## [Your instructions]
Repeat the data exactly, leaving out any image.

## [Supplied material]
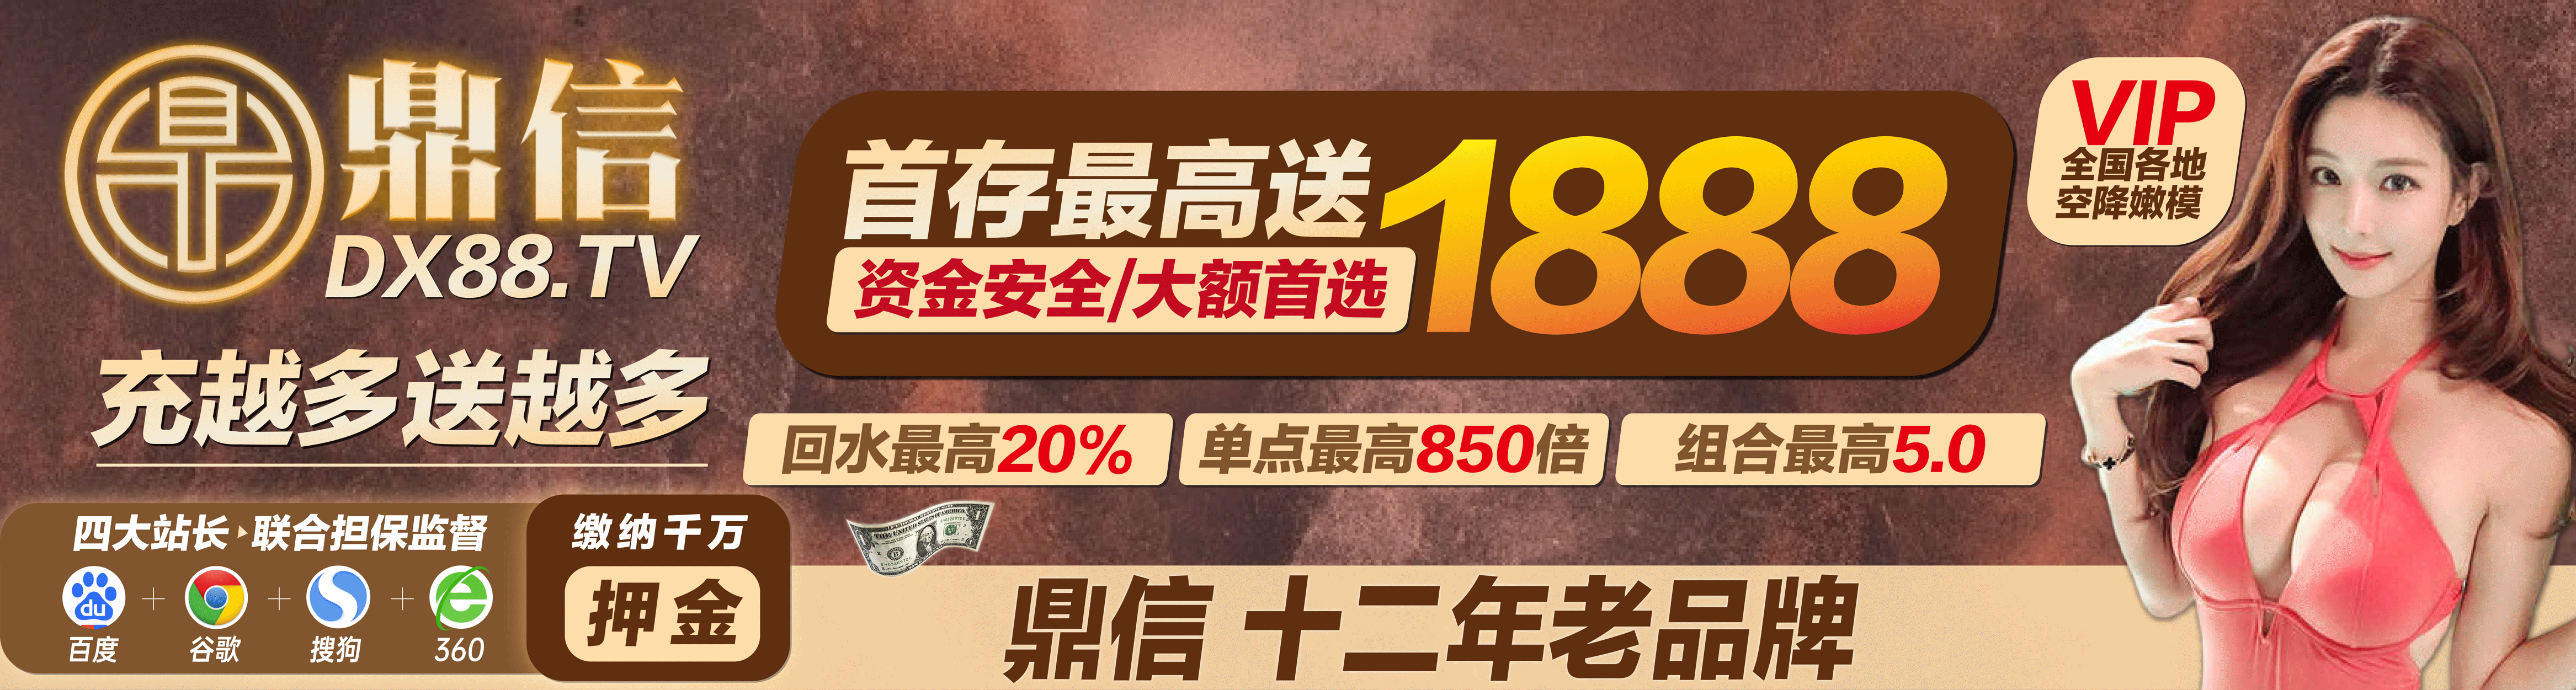 台湾宾果pc28最新预测开奖结果网
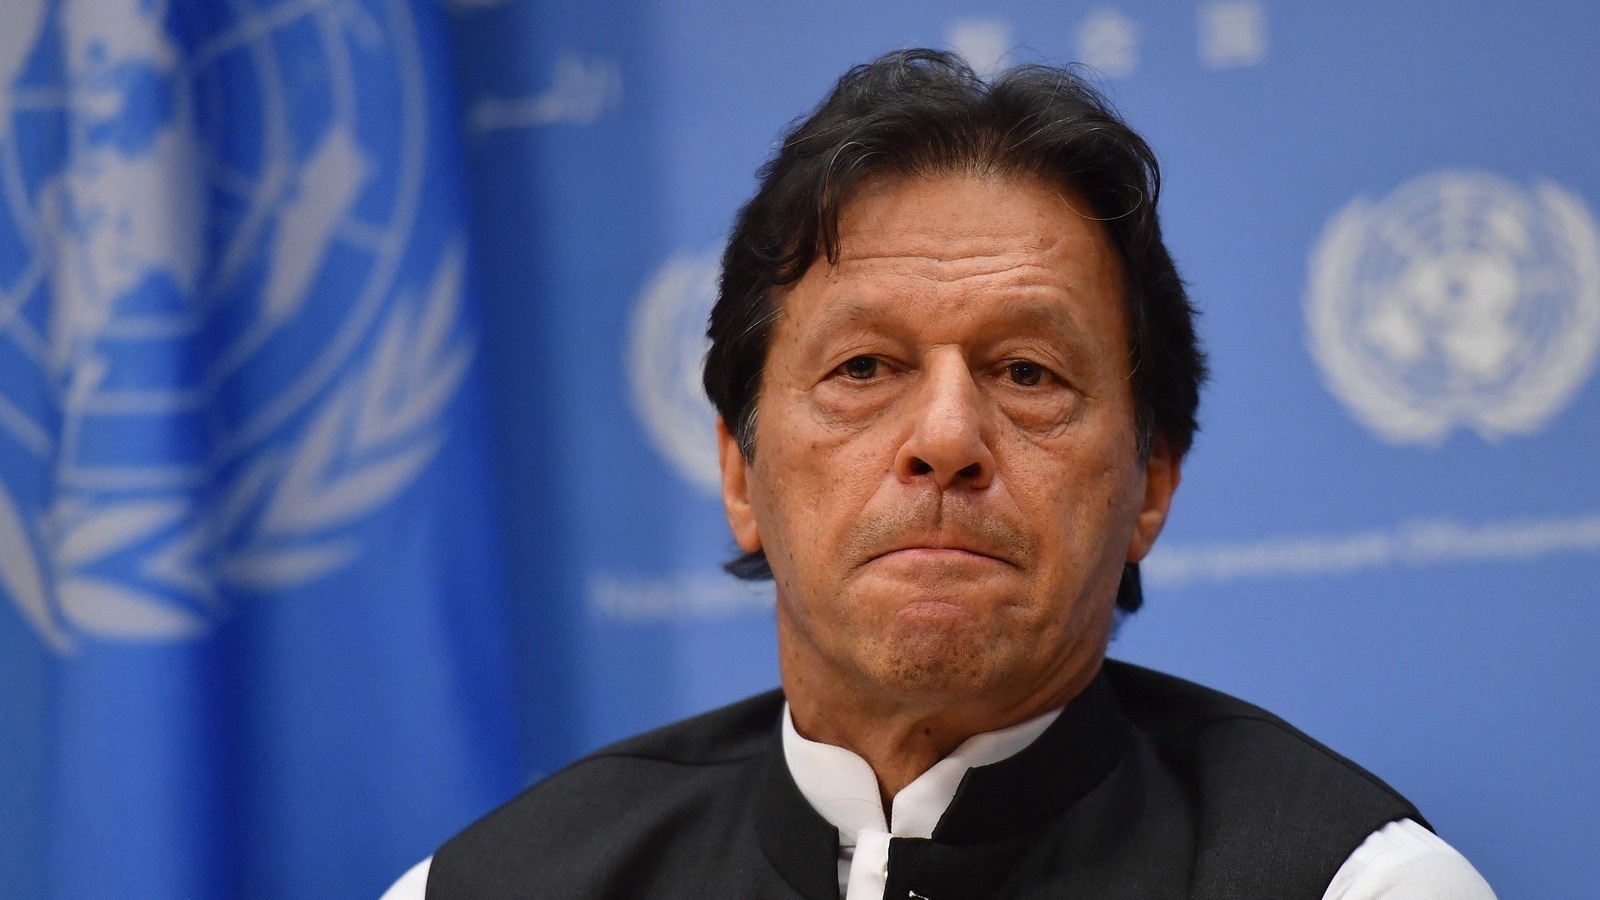 इमरान खान की रिहाई पर मंत्री मरियम औरंगजेब ने जजों को दी 'धमकी', कहा- किसी का नहीं बचेगा...- On the release of Imran Khan, Minister Maryam Aurangzeb 'threatened' the judges, said - no one will be spared...
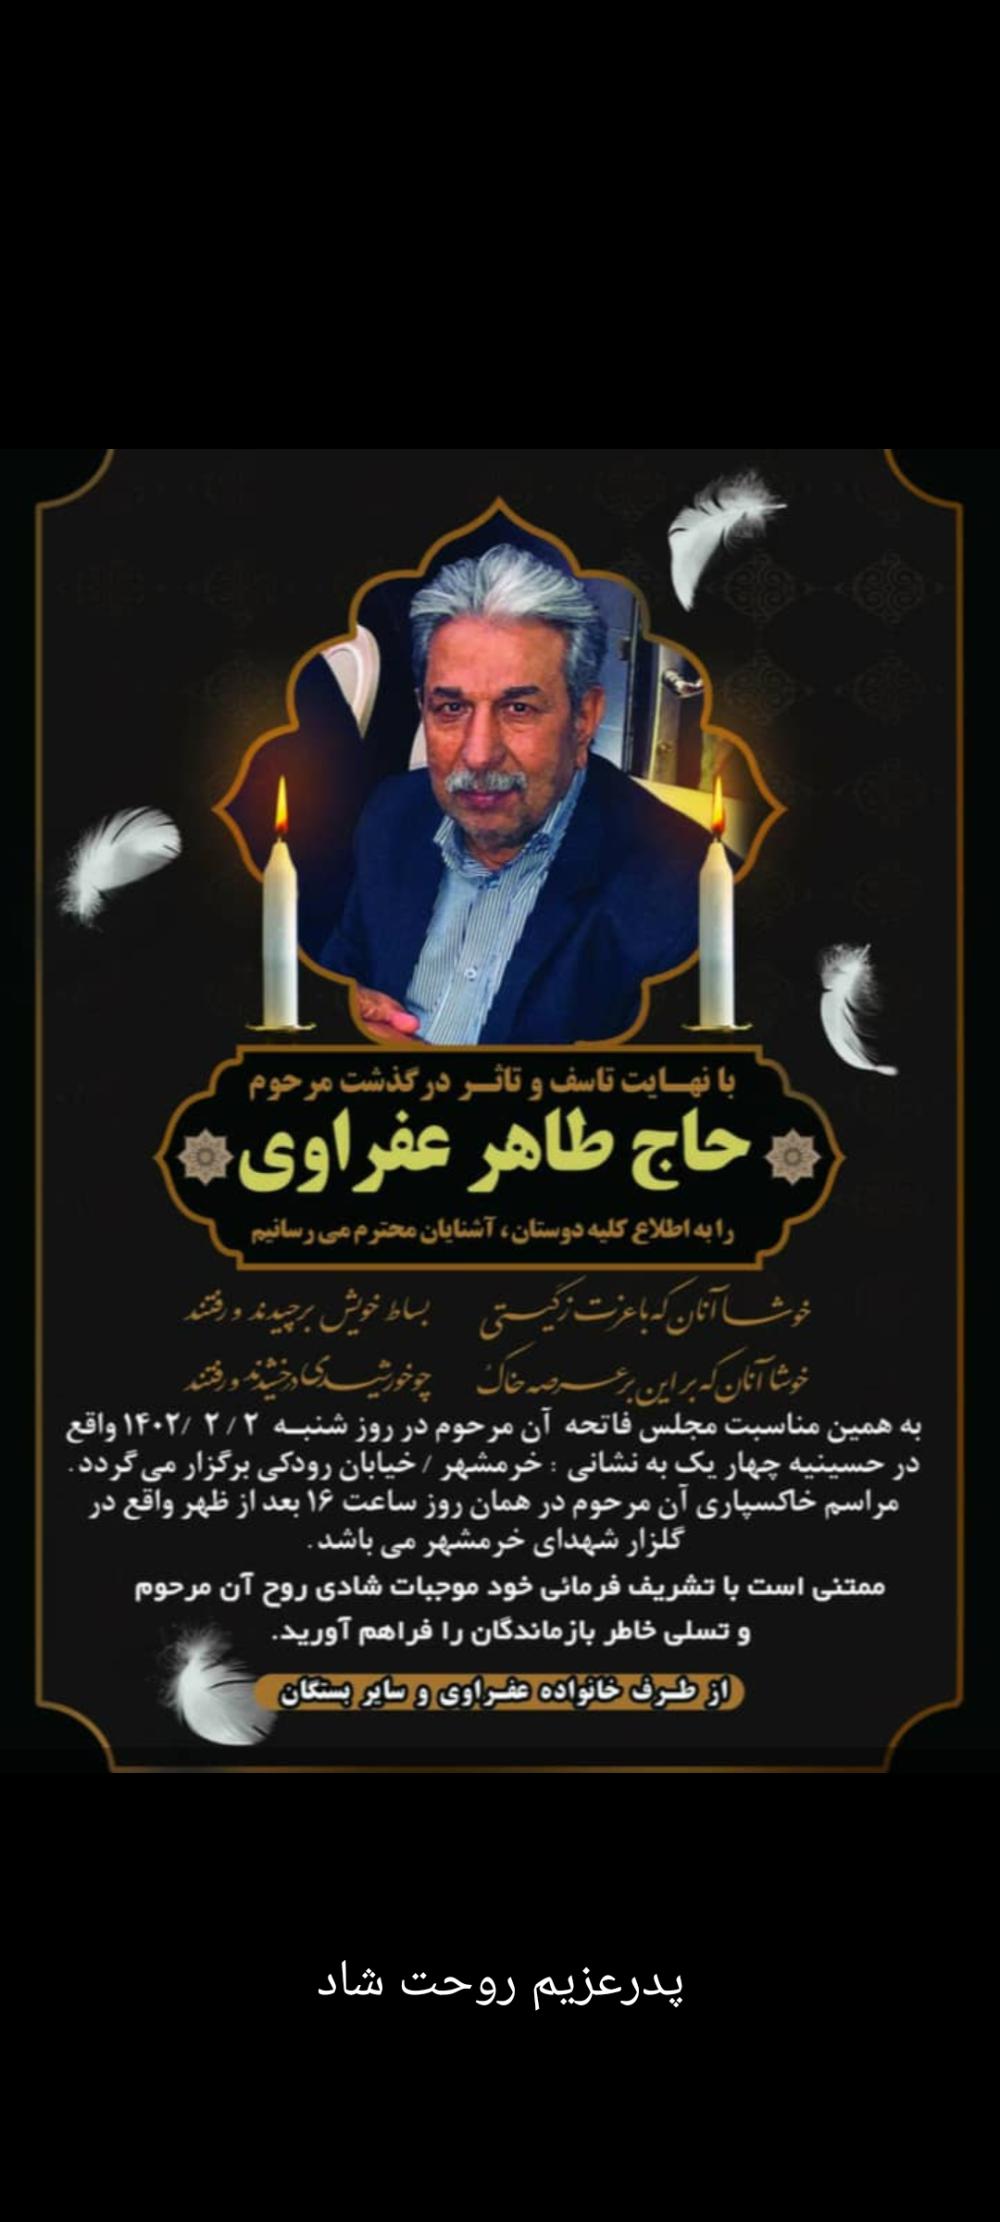 یادبود شادروان حاج طاهر عفراوی

## [Result of the exercise]
 台湾宾果pc28最新预测开奖结果网
 इमरान खान की रिहाई पर मंत्री मरियम औरंगजेब ने जजों को दी 'धमकी', कहा- किसी का नहीं बचेगा...- On the release of Imran Khan, Minister Maryam Aurangzeb 'threatened' the judges, said - no one will be spared...
 یادبود شادروان حاج طاهر عفراوی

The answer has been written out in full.